The people I have met in Itipini are not, I think, any more promiscuous than anyone else their age I’ve met in other places I’ve lived. I haven’t done an exhaustive survey of the sexual habits of everyone I’ve ever met everywhere I’ve ever lived but I think - based on what I see and hear and understand - that people in Itipini largely have one sexual partner at a time and that they are faithful to that person for an extended period of time.

What makes sex different in Itipini - and many parts of Africa - is that there is less privacy attached to it. This is for a very obvious reason. When a family of six, say, lives in a 10 foot by 10 foot shack with one or two beds jammed together, the older siblings are going to know exactly when and how their younger siblings were conceived.

I’ve asked some of my cultural interpreters in Itipini about this and they say this is just taken for granted. One told me that when she was growing up and living with her aunt temporarily, her aunt brought her boyfriend home and they started having sex in a bed just a foot or two away from where my friend - then 8 or 10 years old - was sleeping. My friend says she lit a match, looked over at the bed, and asked her aunt why she was crying and moaning. “As you can imagine,” my friend told me with a grin. “They were not very impressed with me.”

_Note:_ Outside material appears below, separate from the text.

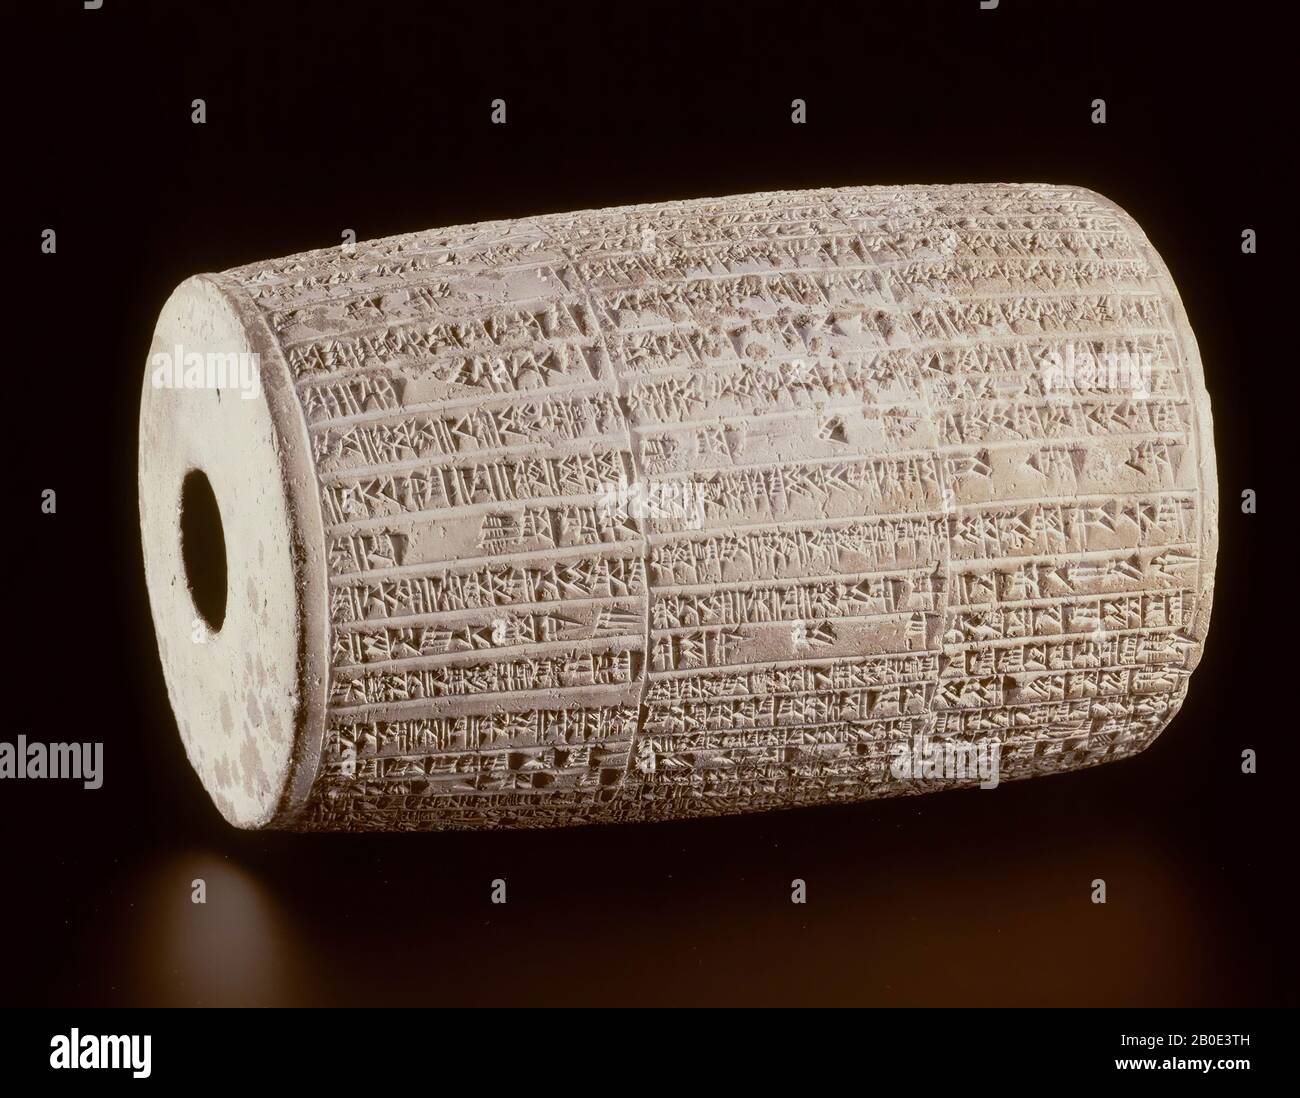 Der Hohlzylinder trägt eine religiöse Aufschrift in Keilschrift des großbabylonischen Königs Nebukadnezar II Triumphierend kündigt er den Bau des Tempels an, der Lugal-Maradda, dem obersten gott der antiken Stadt Marad in Babylonien, gewidmet ist. Dieser Zylinder wurde im Fundament des Tempels von Marad beigesetzt. Warum diese Aufschrift für die Form eines Zylinders gewählt wurde, Ist unklar: Zylinder, Aufschrift, Keramik, D 22 cm, Neo Babylonian Periode 605-562 v. Chr., Irak Stockfoto

What I don’t have a good grasp on is how that firsthand knowledge of sex affects children as they grow up. I have seen young children striking sexually suggestive poses at times in Itipini, as if in imitation of their parents or older siblings, but I wonder if that’s a universal thing now, given the hyper-sexualization of western/global culture. I usually try to put a stop to it. But I wonder how many parents in Itipini do that. Children in Itipini are allowed to run freely from a shockingly young age. There are reasons that can be a good thing but it also means that there aren’t often parents around to put a stop to behaviour I would deem inappropriate. I saw two young boys, both three, the other day with their pants off peeing by the side of the road the other day. They both had conspiratorial grins on their faces that said they knew they were up to no good and were enjoying getting away with it. I told them to put their pants on but that was about all I had the vocabulary for.

And that’s a major problem. If I want to be relevant to the challenges facing people here, sex is obviously something I need to be able to talk about. But talking about sex in one’s own language is hard enough; in another language, it is enough to be paralyzing. For one thing, how do you figure out the right vocabulary, words that are neither distantly medical nor vulgar or rude? Then add in the gender overlay, that I am a young man talking primarily with young women about this, and then the power overlay, that I am educationally and economically more powerful than everyone I talk with, and it’s enough to make me just want to give up, which is what I mostly do.

Just one of those ongoing challenges in Itipini.